Your best bet might be to use Langchain to chunk the rules individually. Then put those into a CSV. Each line is a rule. Then take a reasonable amount of text that you are examining (less than 8000 for the GPT-3.5-Turbo-16k model) and the have your code feed those tokens in and rule by rule ask ChatGPT if any of the rules mentioned were violated in the text presented.

To see if this is even viable in playground or ChatGPT proper paste like three of the rules and then a short segment of the text that violates one of these rules and ask if there are any rules that are not followed in the text presented. If you get pretty good results then looping through the entire context (which would be expensive-ish) a few rules at a time might do the trick.

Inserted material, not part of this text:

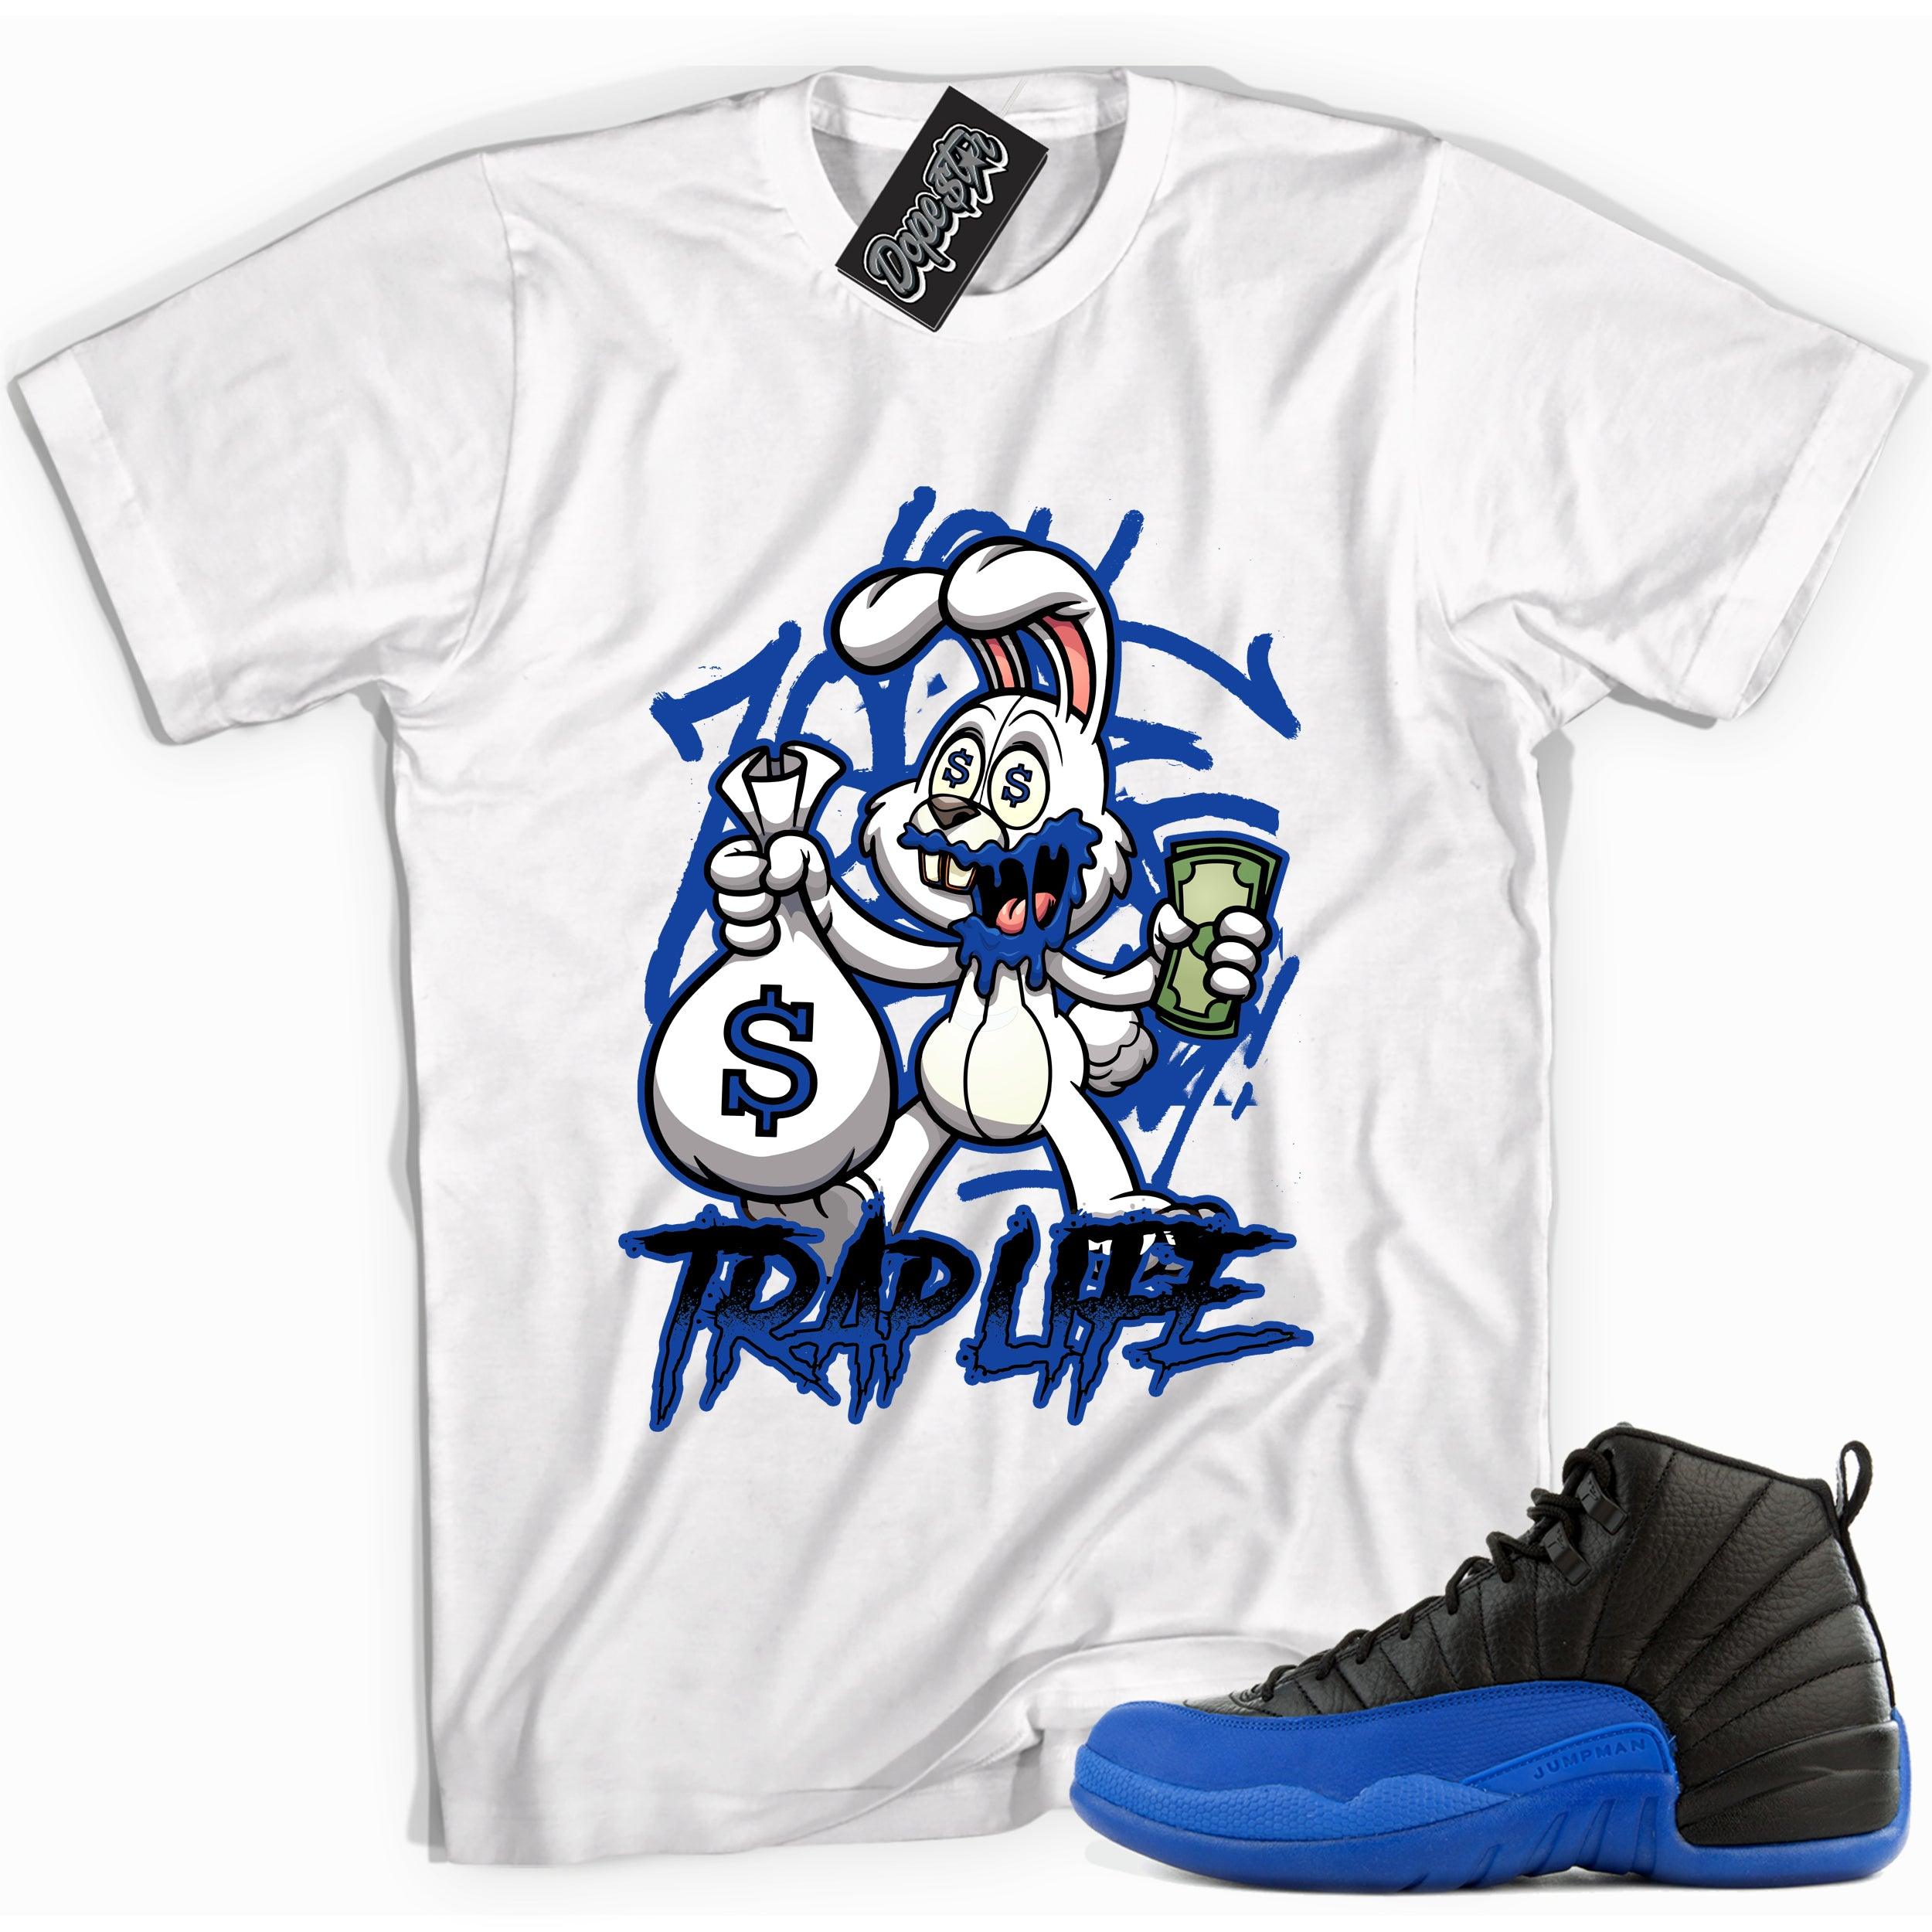 Cool white graphic tee with 'trap rabbit' print, that perfectly matches Air Jordan 12 Retro Black Game Royal sneakers.
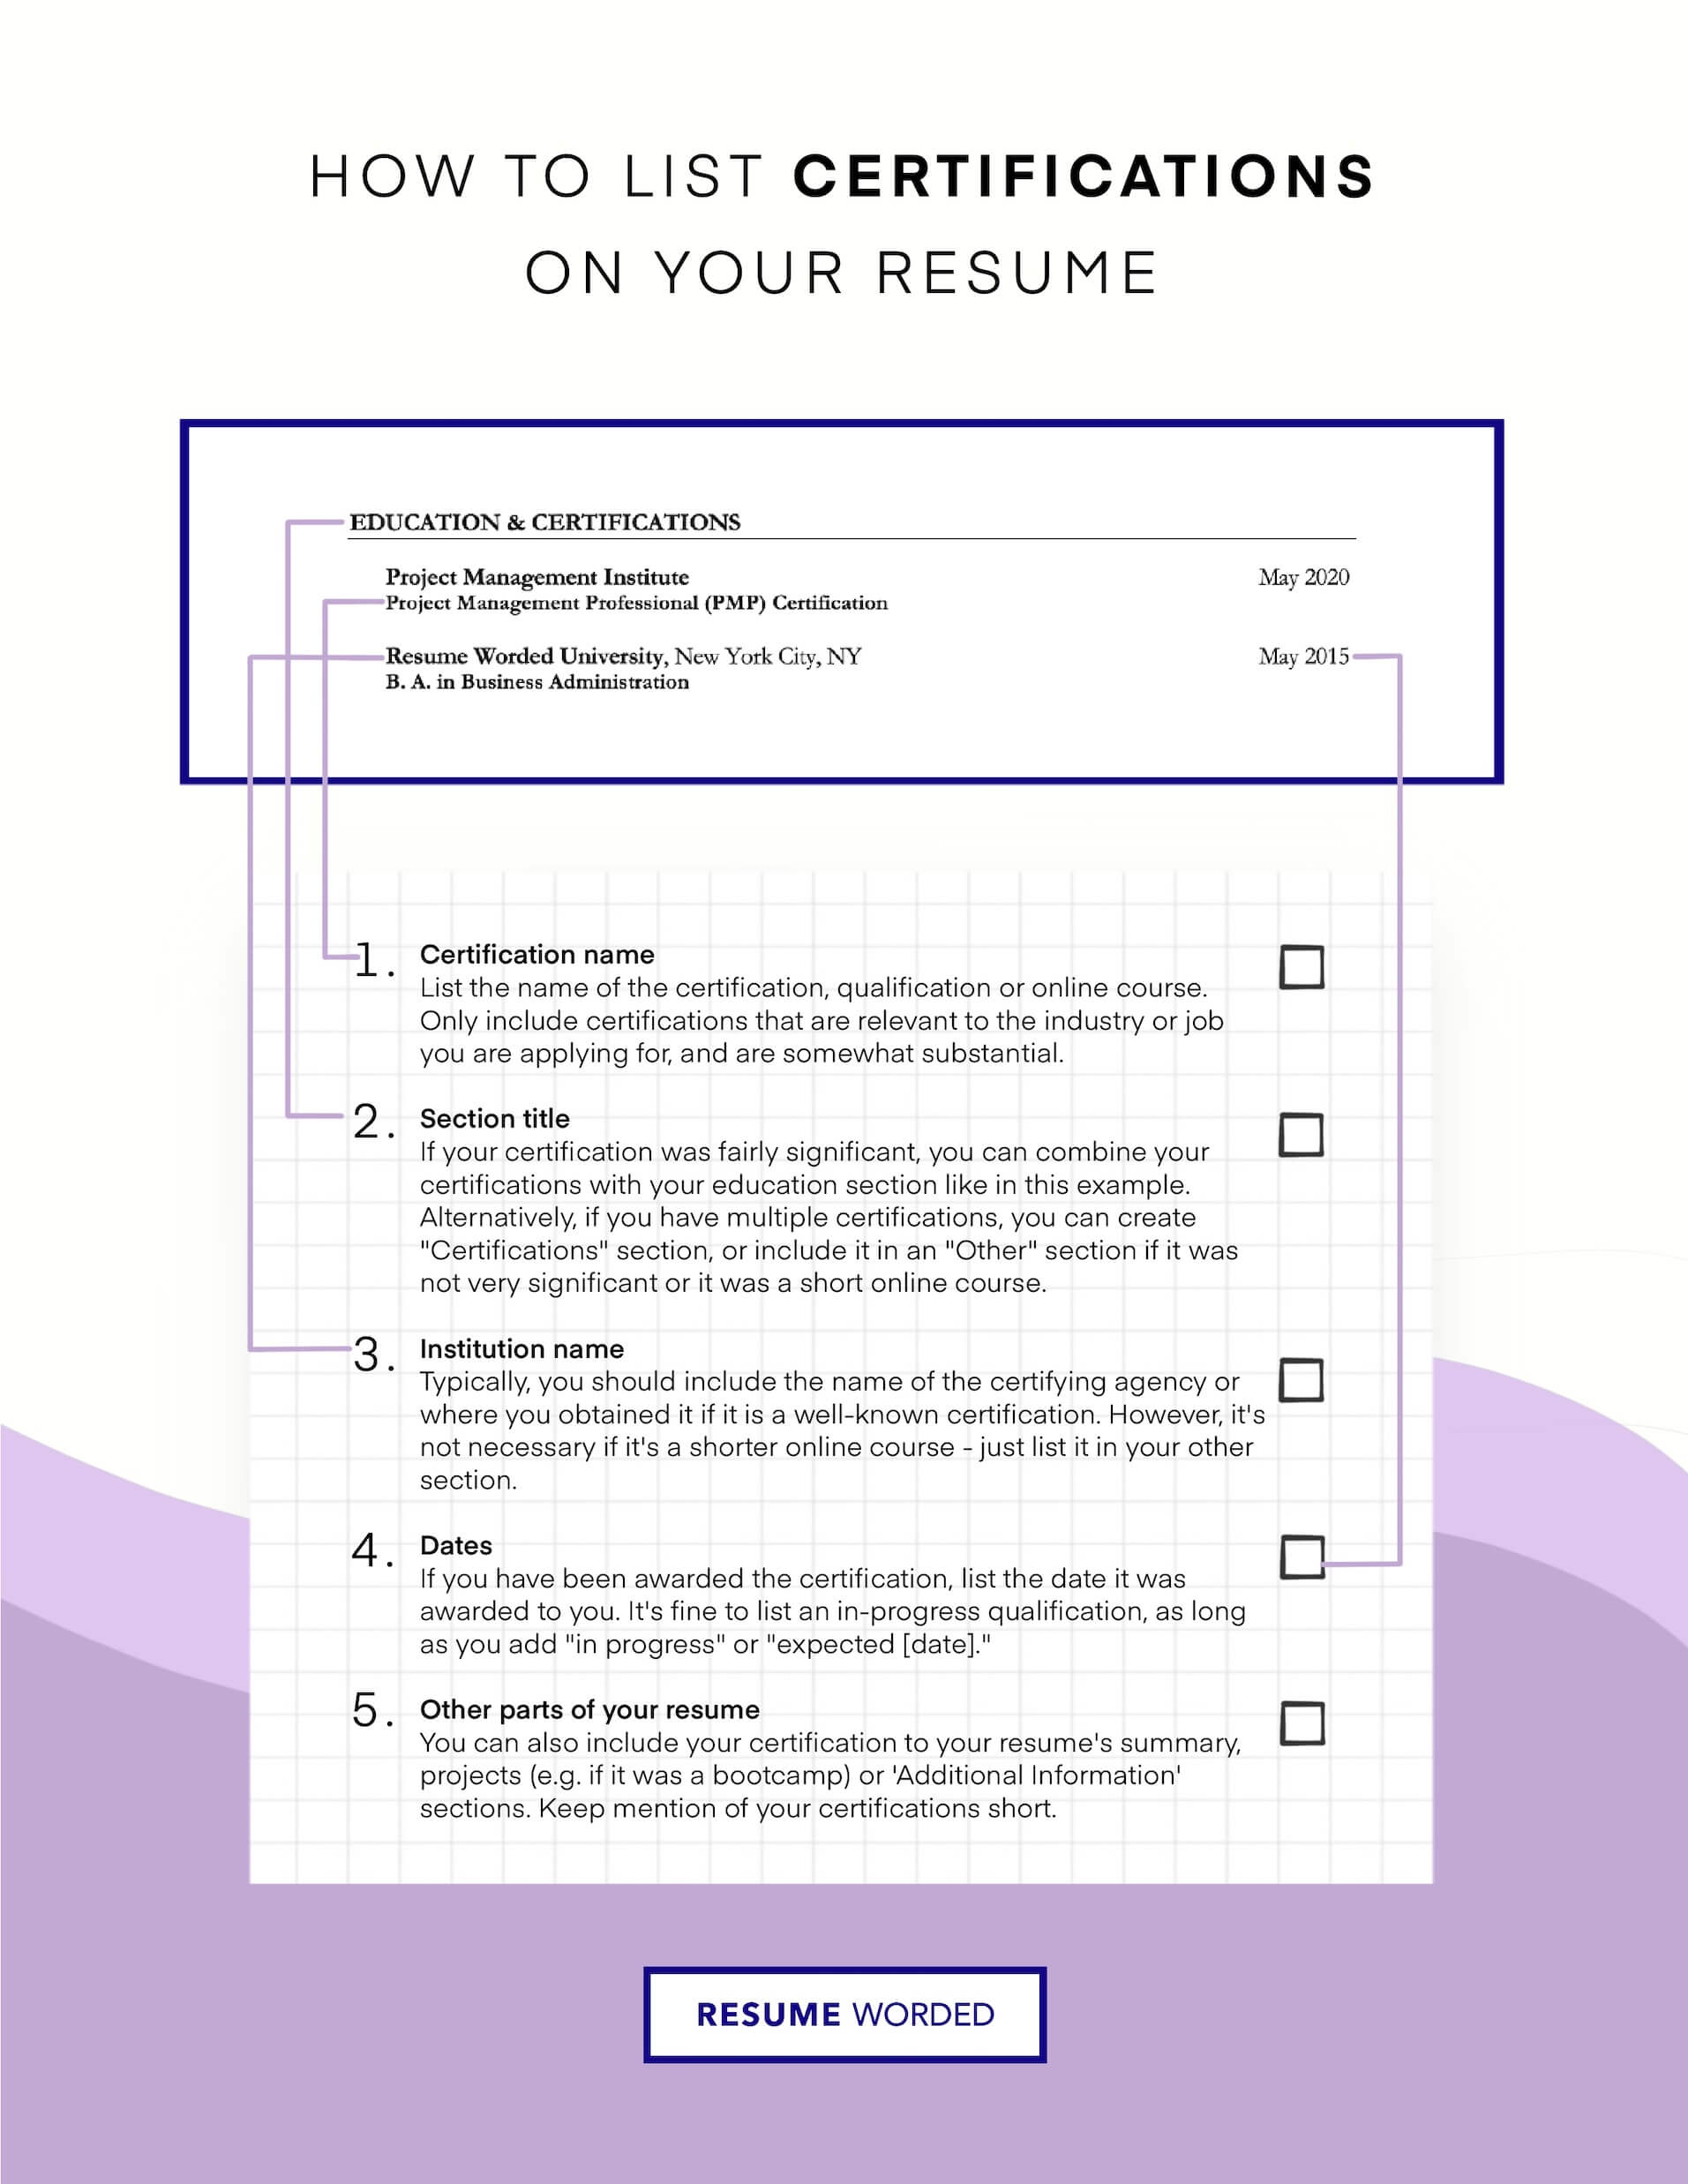 Include Trade-specific certification - Buyer  Resume

You can even ask ChatGPT to respond in JSON to make the individual responses easier to parse later.

It’s not a task for the light hearted.

Hello Ivan!

A more ChatGPT-esque way to solve this issue would just be to speak to it like a human.

One thing I tried today (I’m currently working with a client to design an assistant that can reference all relevant code sections in a multitude of books on building standards based on a query) was appending an additional question after the prompt.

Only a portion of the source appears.